• _DATA BLOCK_
┏━━

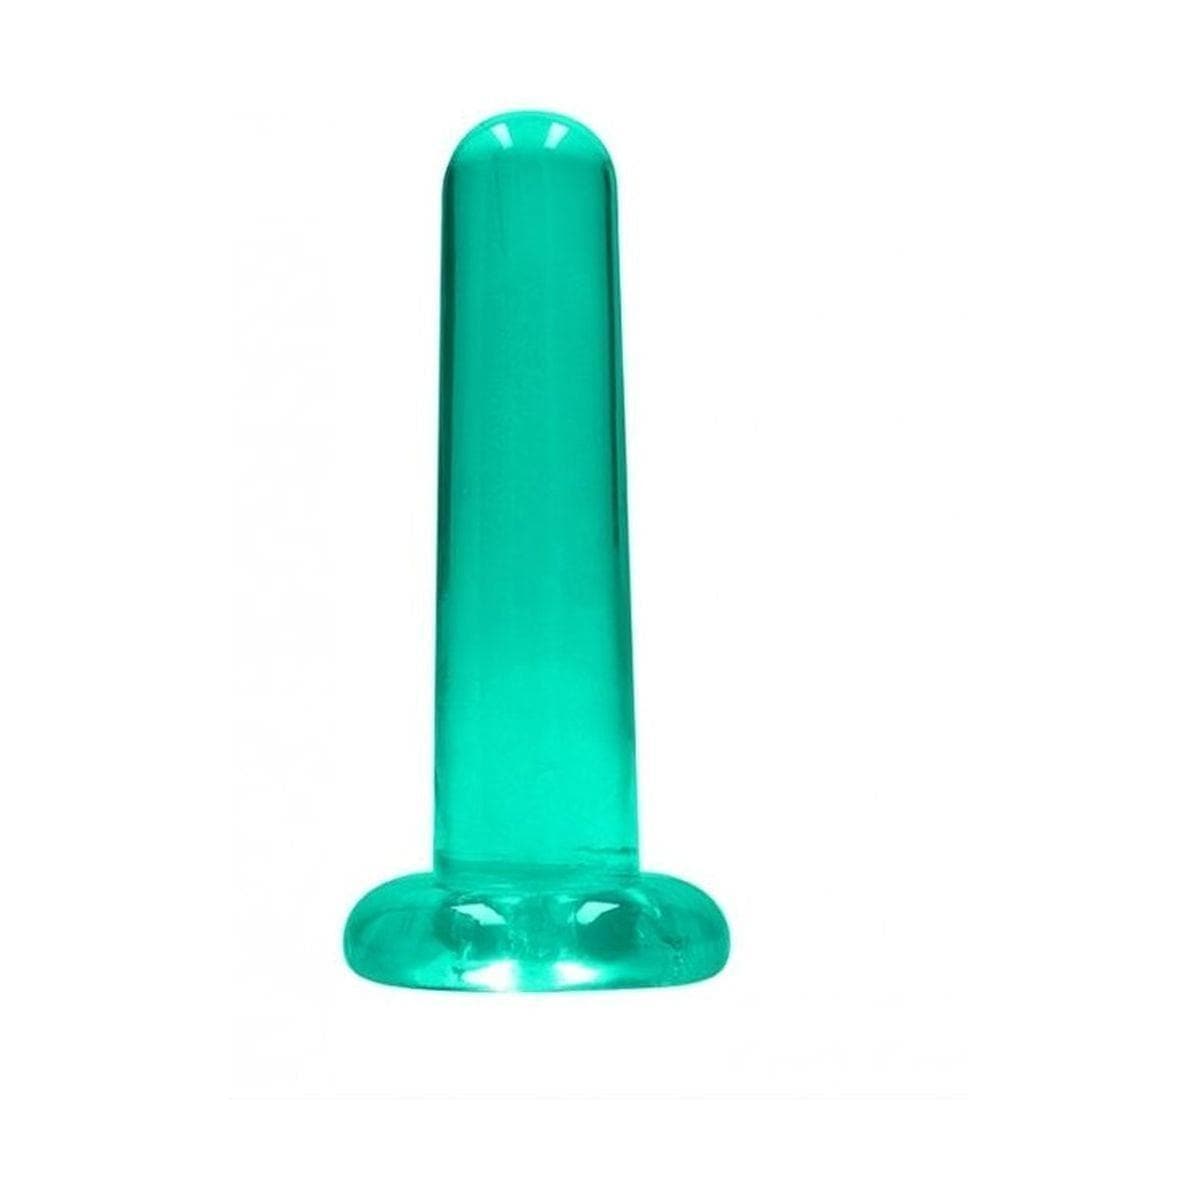 Dildo RealRock Liso Crystal Clear, 13.5cm Ø3cm  Perola Sexshop Almada Verde  
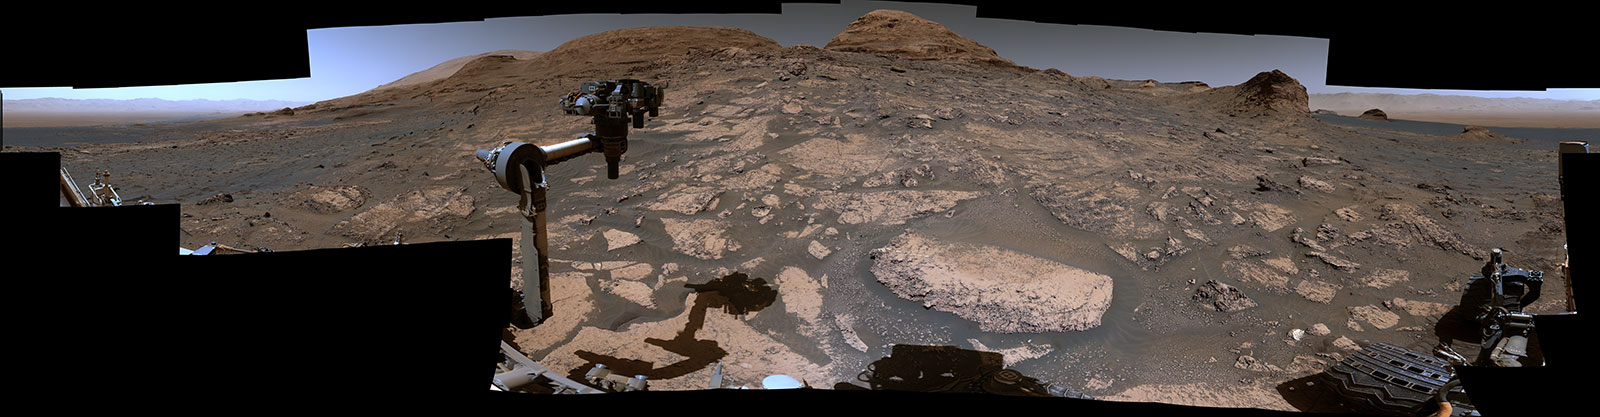 Bức ảnh toàn cảnh (panorama) với góc rộng 360 độ do Curiosity chụp. Ảnh: NASA
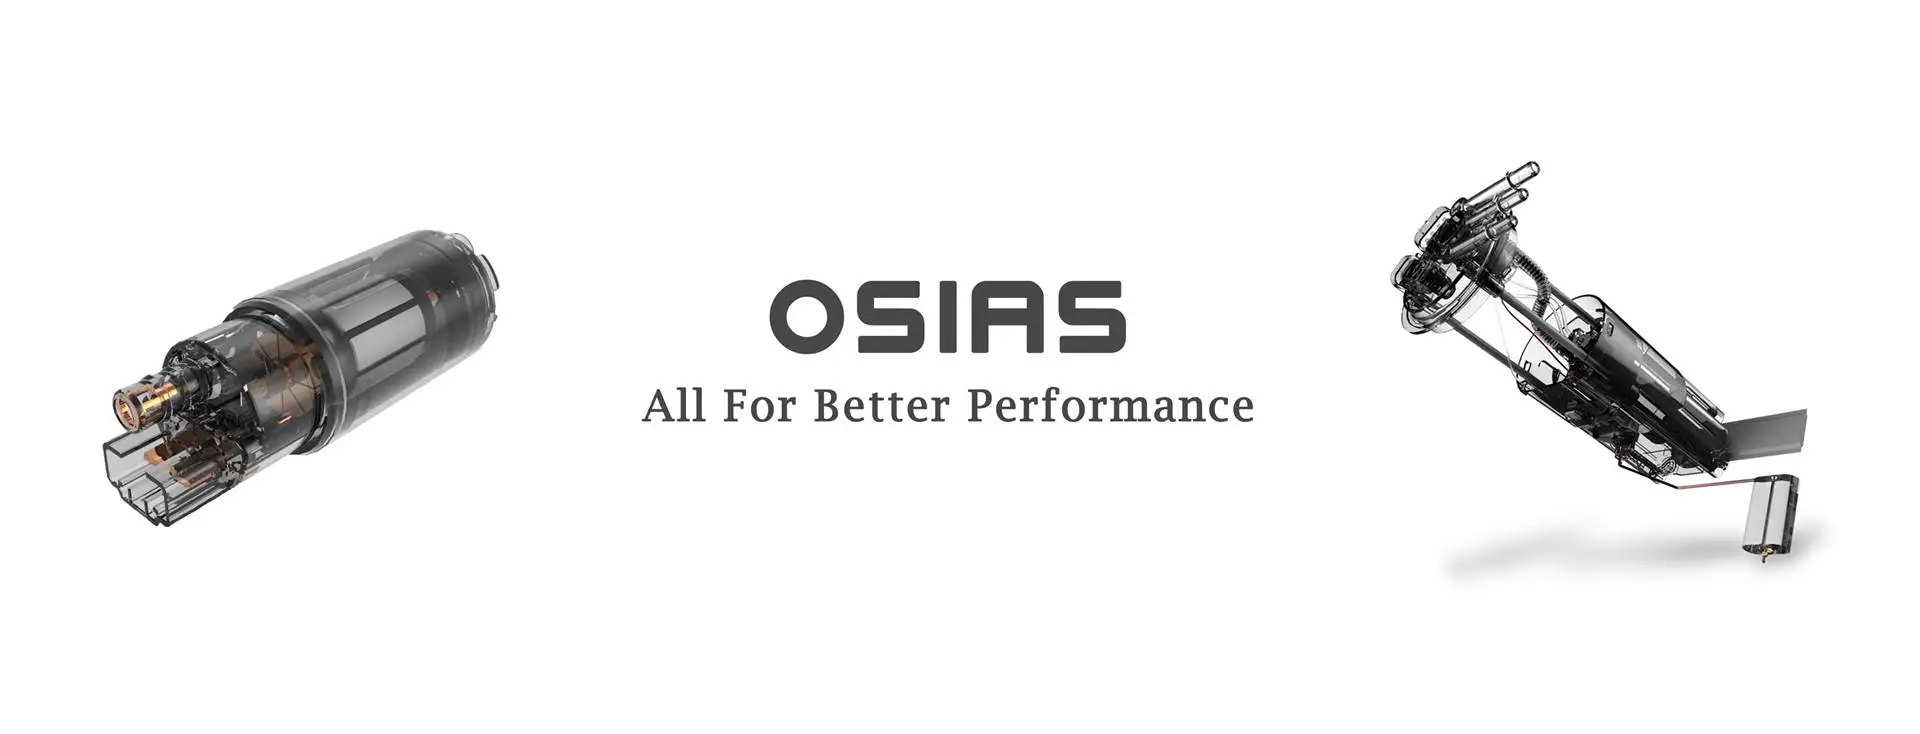 OSIAS модуль топливного насоса в сборе E2469M для 06 07 08 09 FORD MUSTANG 4.0L& 4.6L из США и Китая

┗━━

• _EXERCISE_
Keeping pictures out, repeat exactly the lines from the one containing "Bức ảnh toàn" through the end of the listing.

• _ANSWER FOR THIS EXERCISE_
 Bức ảnh toàn cảnh (panorama) với góc rộng 360 độ do Curiosity chụp. Ảnh: NASA
 OSIAS модуль топливного насоса в сборе E2469M для 06 07 08 09 FORD MUSTANG 4.0L& 4.6L из США и Китая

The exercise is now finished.